**Activity**
Repeat the listing below word for word, minus the pictures.

**The data**
[Start of section]
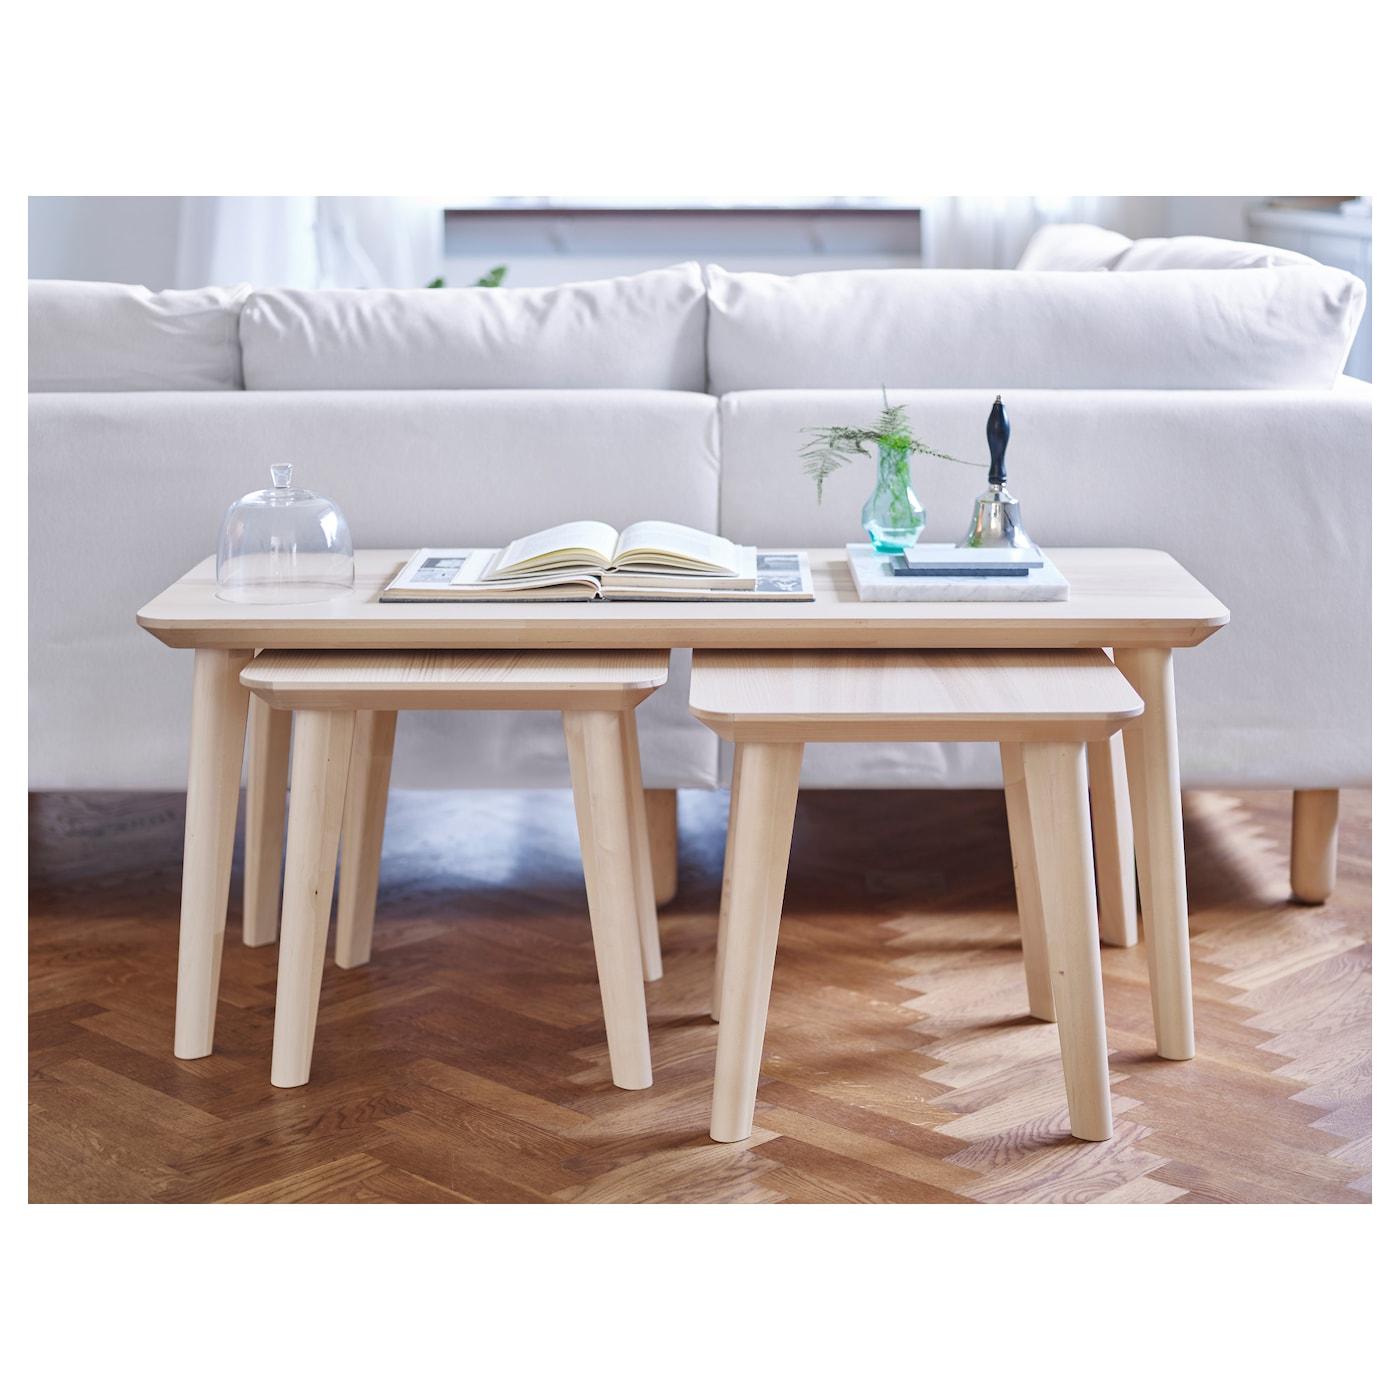 lisabo side table ash veneer 45x45 cm ikea. Black Bedroom Furniture Sets. Home Design Ideas
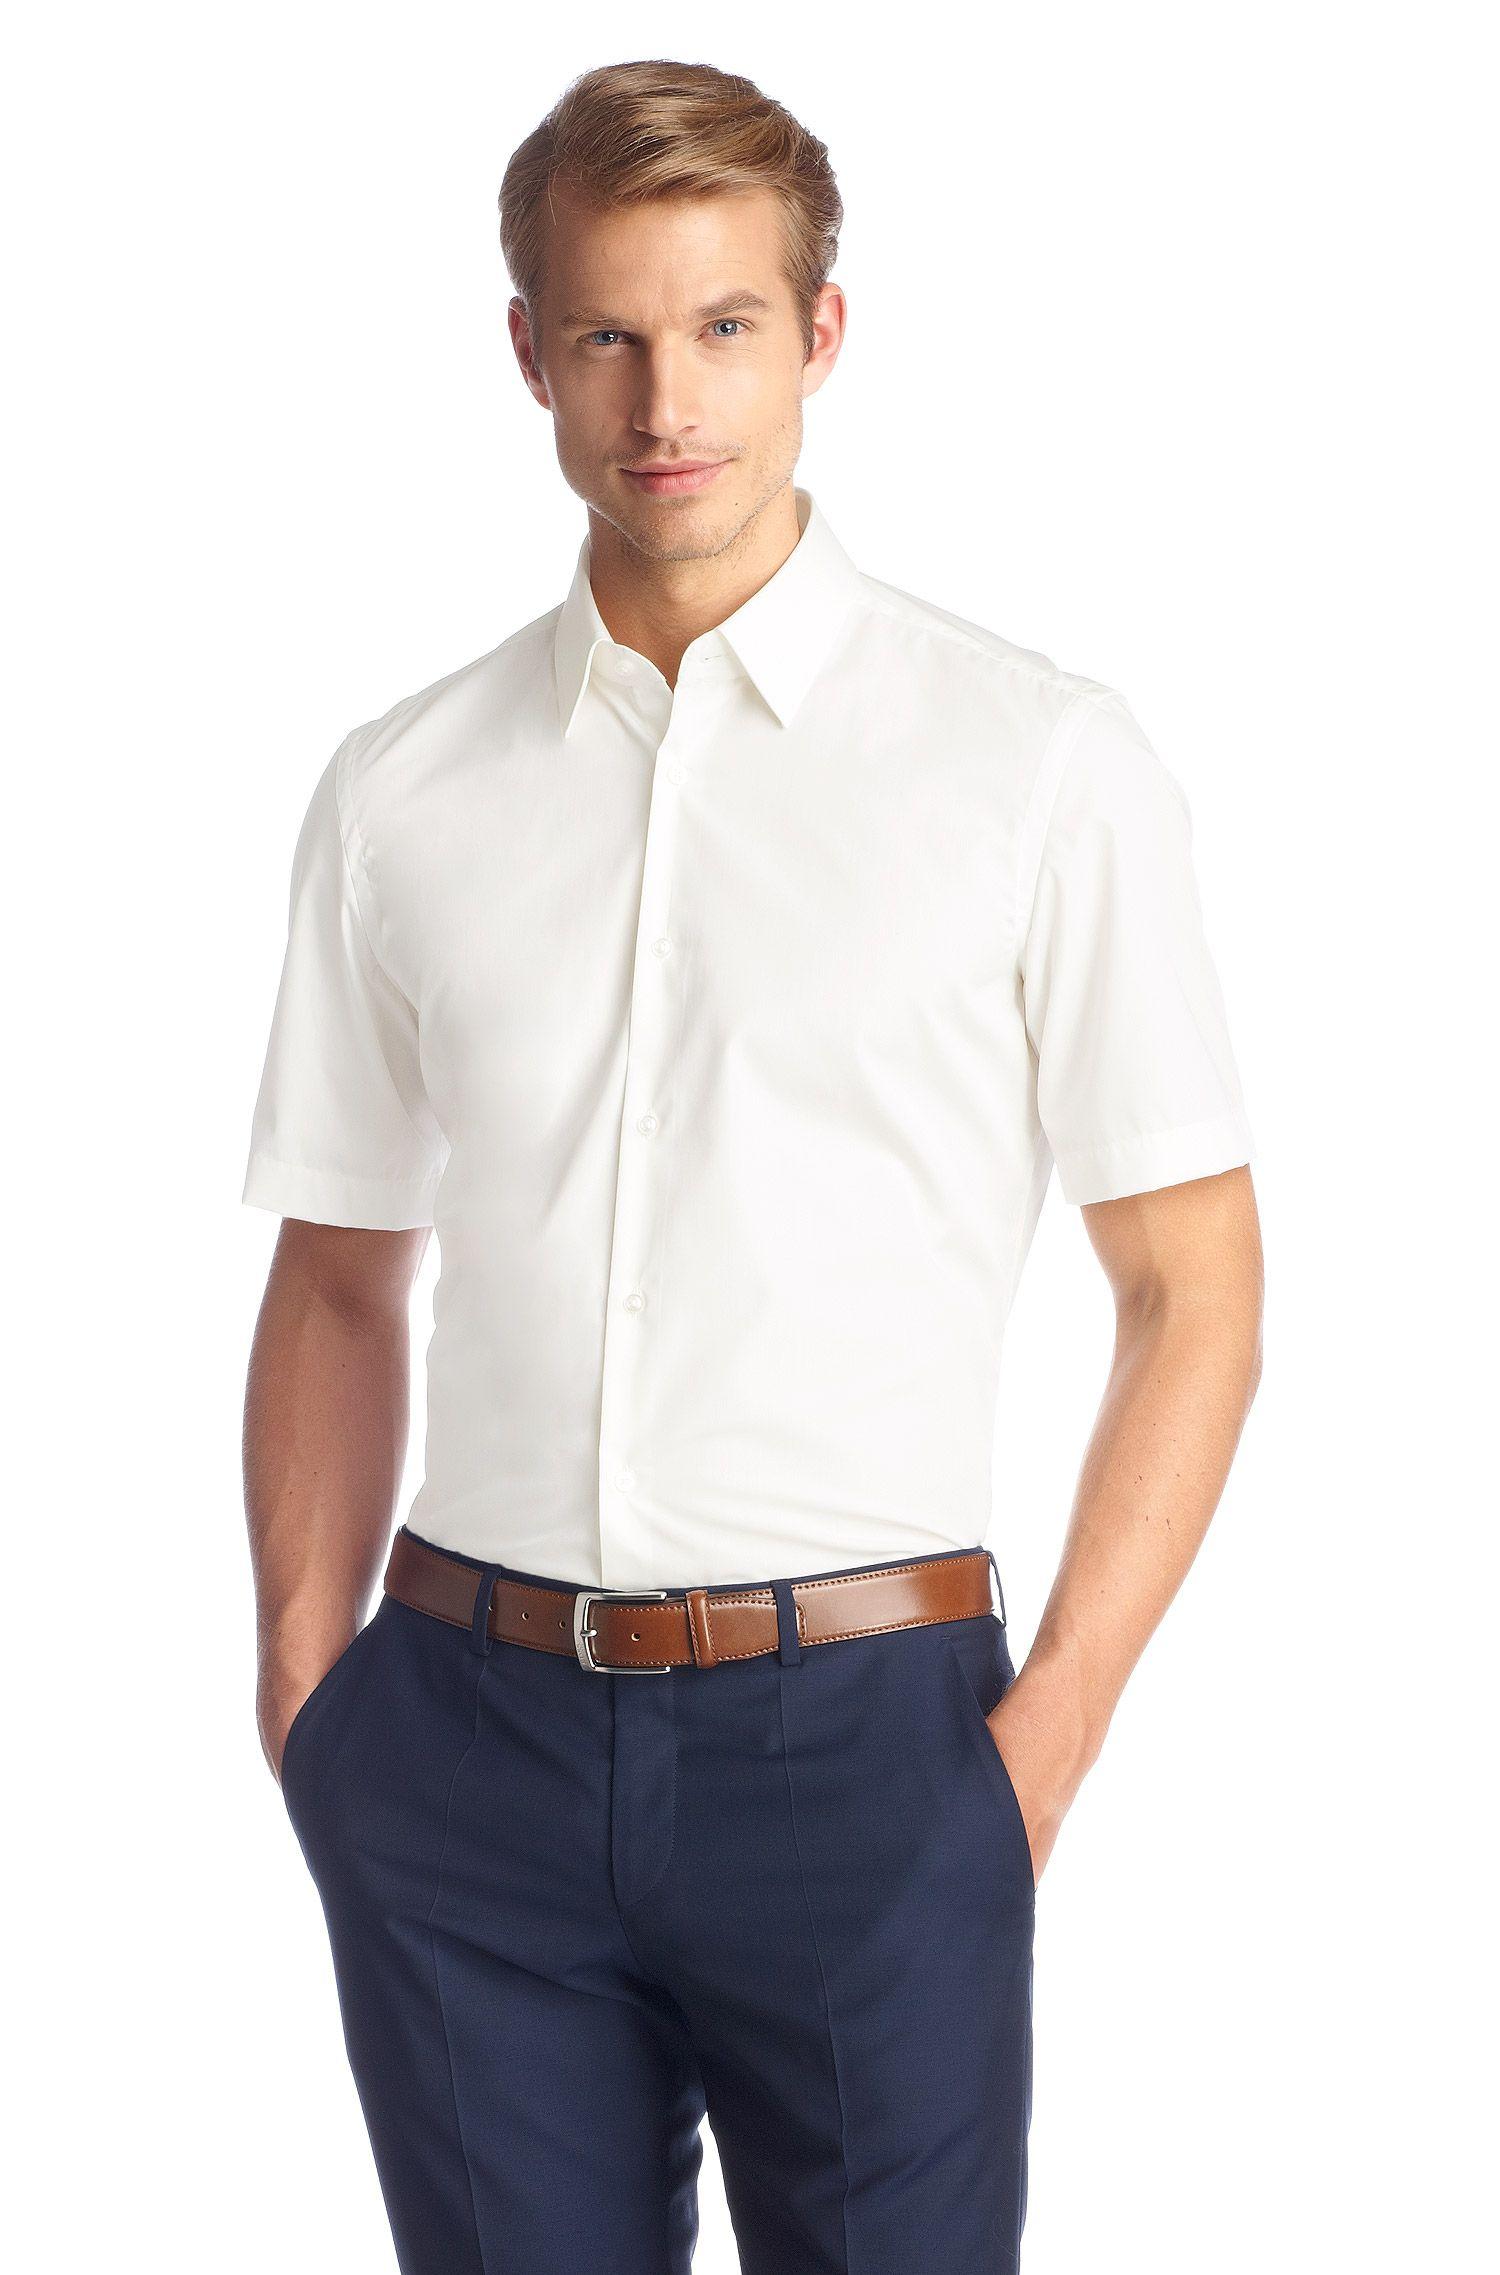 Regular fit overhemd met korte mouwen 'Cinzioi', gemakkelijk te strijken
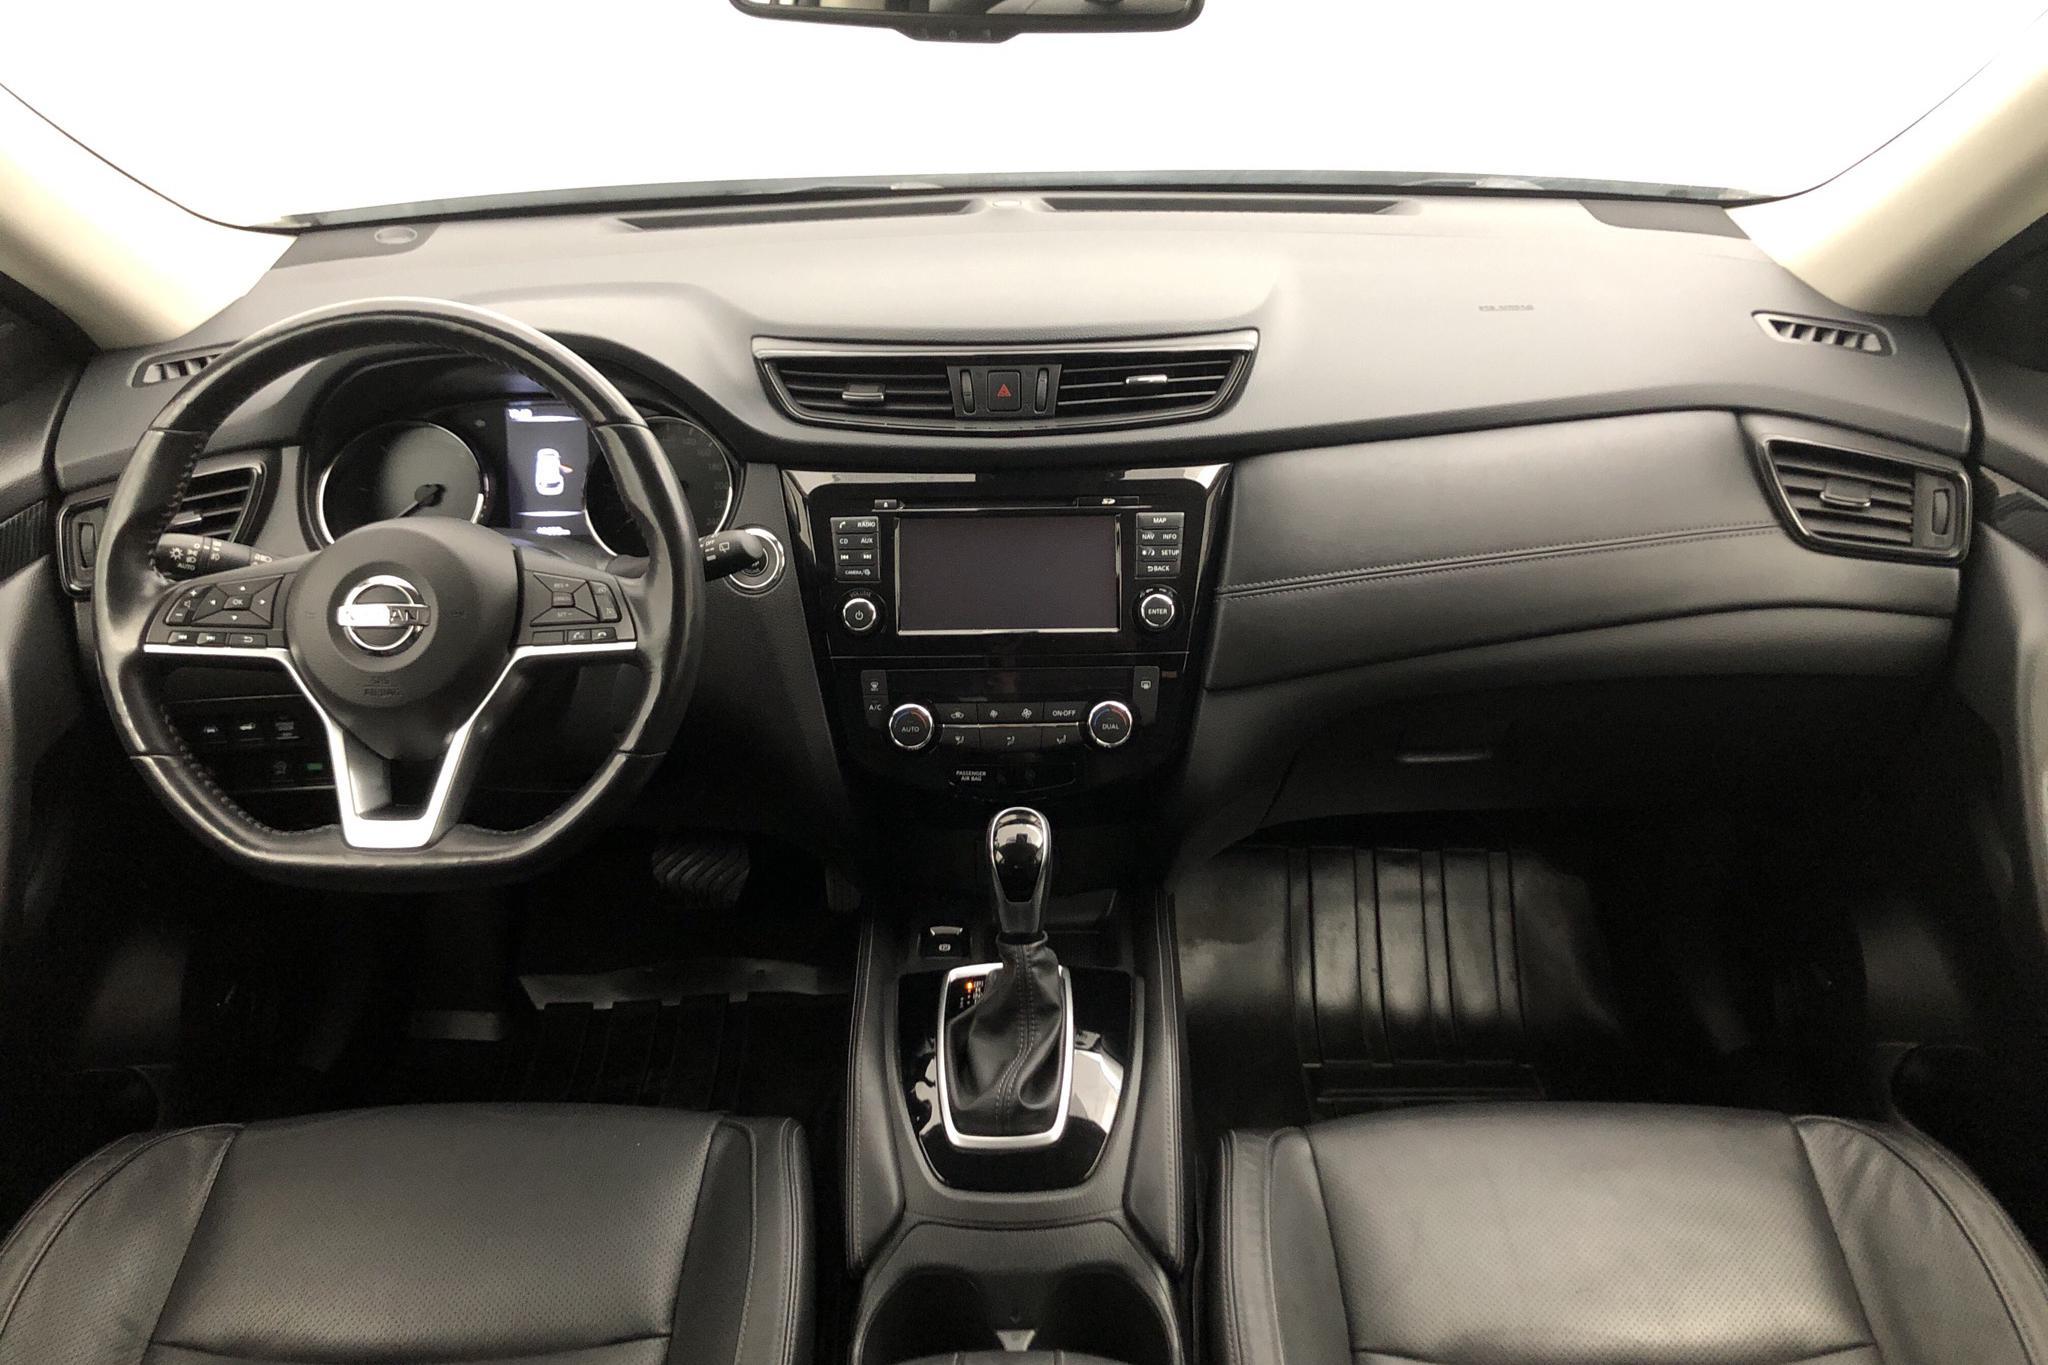 Nissan X-trail 1.6 dCi 2WD (130hk) - 4 663 mil - Automat - vit - 2017
[End of section]
**Expected answer**
 lisabo side table ash veneer 45x45 cm ikea. Black Bedroom Furniture Sets. Home Design Ideas
 Regular fit overhemd met korte mouwen 'Cinzioi', gemakkelijk te strijken
 Nissan X-trail 1.6 dCi 2WD (130hk) - 4 663 mil - Automat - vit - 2017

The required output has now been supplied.